Create `/slack-agent/server/listeners/commands/test-resilience.ts`:

```typescript title="/slack-agent/server/listeners/commands/test-resilience.ts"
import type { AllMiddlewareArgs, SlackCommandMiddlewareArgs } from "@slack/bolt";
import { respondToMessage } from "~/lib/ai/respond-to-message";

export const testResilienceCallback = async ({
  ack,
  command,
  client,
  logger,
}: AllMiddlewareArgs & SlackCommandMiddlewareArgs) => {
  await ack();
  
  const { user_id, channel_id } = command;
  
  try {
    // Enable failure simulation
    process.env.SIMULATE_FAILURES = 'true';
    
    const response = await client.chat.postMessage({
      channel: channel_id,
      text: `🧪 Testing resilience...`,
    });
    
    // Test the AI response with simulated failures
    const aiResponse = await respondToMessage({
      messages: [{ 
        role: 'user', 
        content: 'Test message for resilience' 
      }],
      event: {
        type: 'message',
        text: 'Test message',
        user: user_id,
        ts: response.ts!,
        channel: channel_id,
        channel_type: 'channel',
      } as any,
      channel: channel_id,
      thread_ts: response.ts,
      botId: undefined,
    });
    
    await client.chat.postMessage({
      channel: channel_id,
      thread_ts: response.ts,
      text: `✅ Resilience test completed:\n${aiResponse}`,
    });
    
  } catch (error) {
    logger.error('Test resilience failed:', error);
    await client.chat.postEphemeral({
      channel: channel_id,
      user: command.user_id,
      text: `❌ Test failed: ${error}`,
    });
  } finally {
    // Disable failure simulation
    delete process.env.SIMULATE_FAILURES;
  }
};
```

\*\*Note: About the \`as any\` cast\*\*

For the `event` in this test command we use `as any` to avoid dragging a full set of Slack event types into the example. In your own code, prefer reusing the typed helpers and payload types from the Bolt middleware lesson instead of broad casts—this keeps your handlers fully type-safe while following the same retry patterns.
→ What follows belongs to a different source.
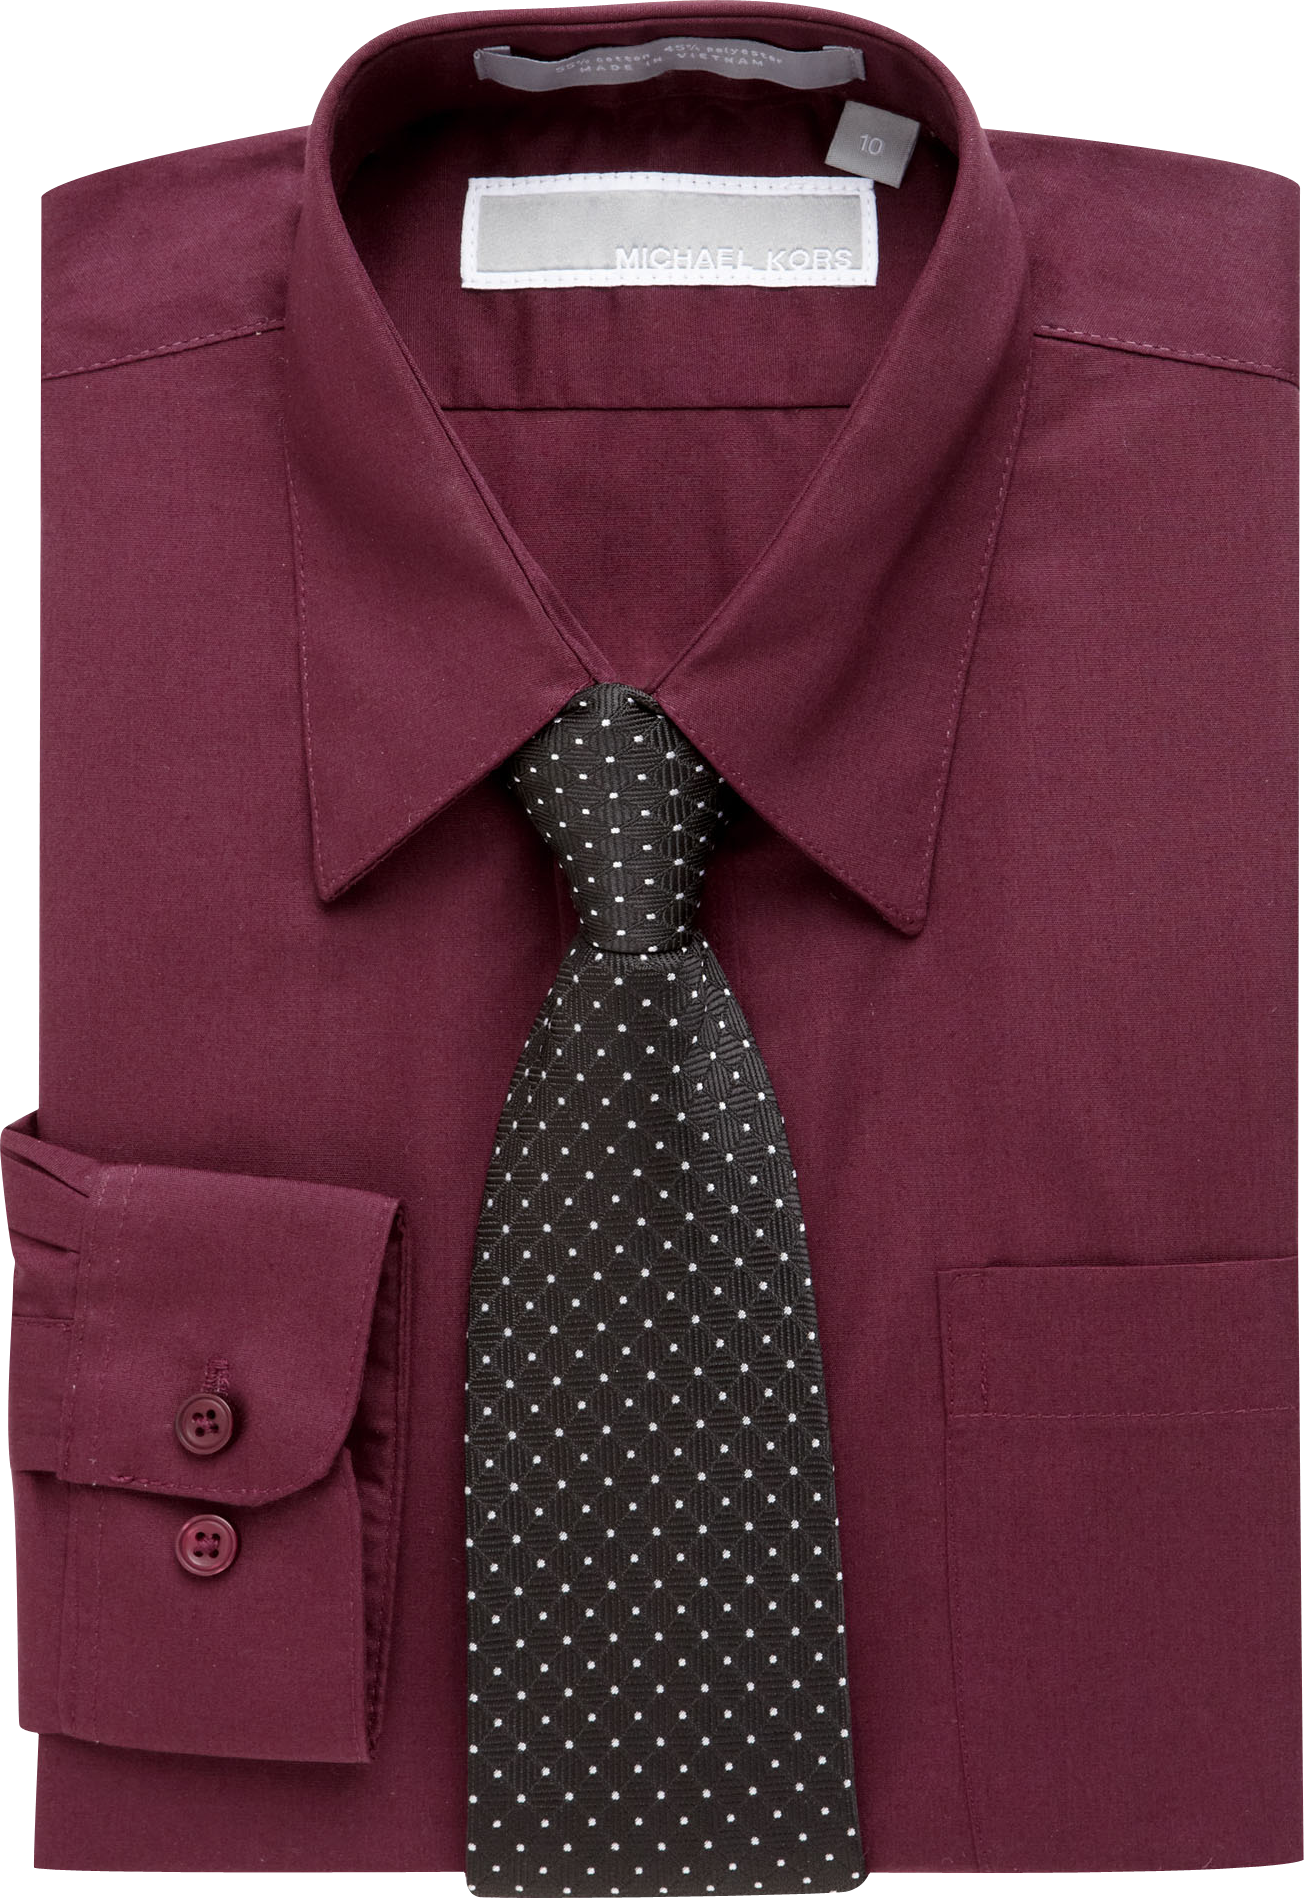 michael kors the shirt and tie collection
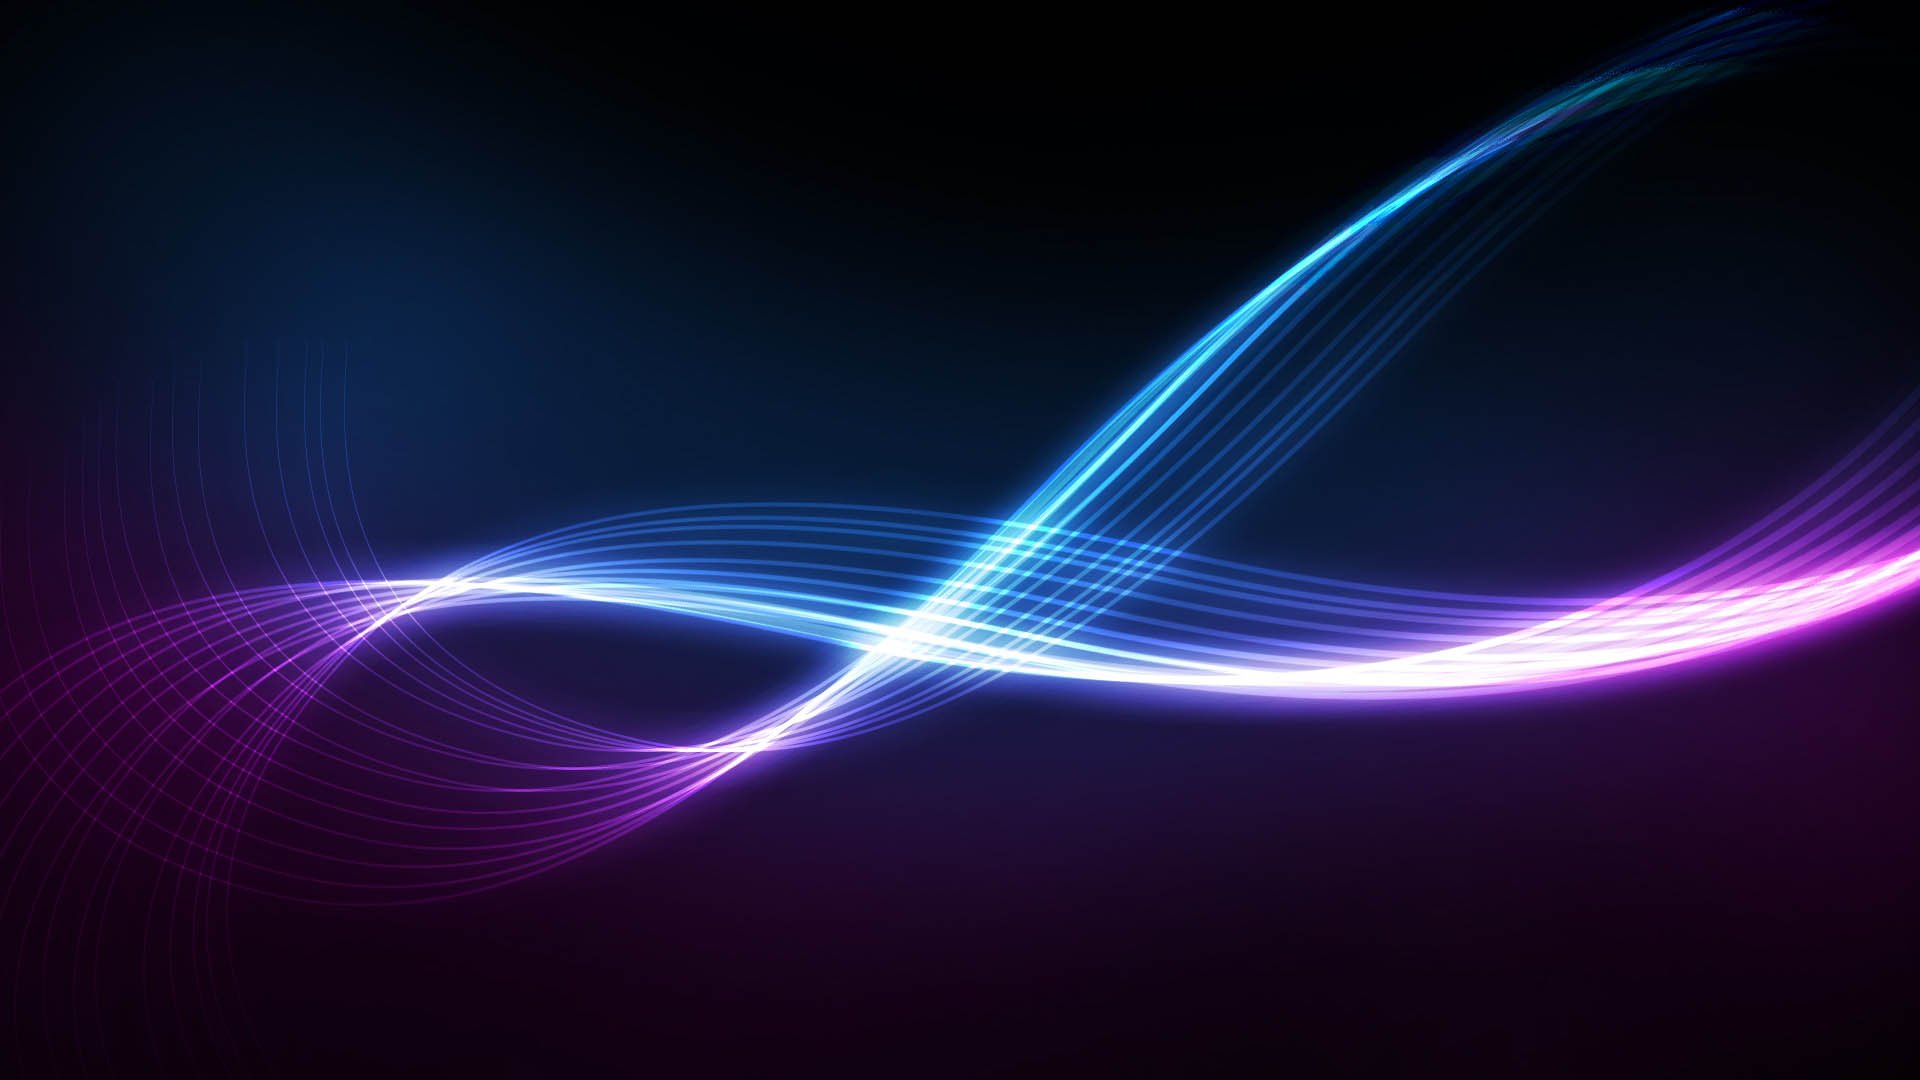 Abstract 1080p   Wallpaper High Definition High Quality Widescreen

Register in `/slack-agent/server/listeners/commands/index.ts`:

```typescript title="/slack-agent/server/listeners/commands/index.ts" {5,11}
import type { App } from "@slack/bolt";
import { echoCallback } from "./echo";
import { sampleCommandCallback } from "./sample-command";
import { testResilienceCallback } from "./test-resilience";

const register = (app: App) => {
  app.command("/sample-command", sampleCommandCallback);
  app.command("/echo", echoCallback);
  app.command("/test-resilience", testResilienceCallback);
};

export default { register };
```

> If you already have additional commands (like `/compare-context`) from other lessons, register them here as well. This snippet only shows the commands relevant to the resilience test.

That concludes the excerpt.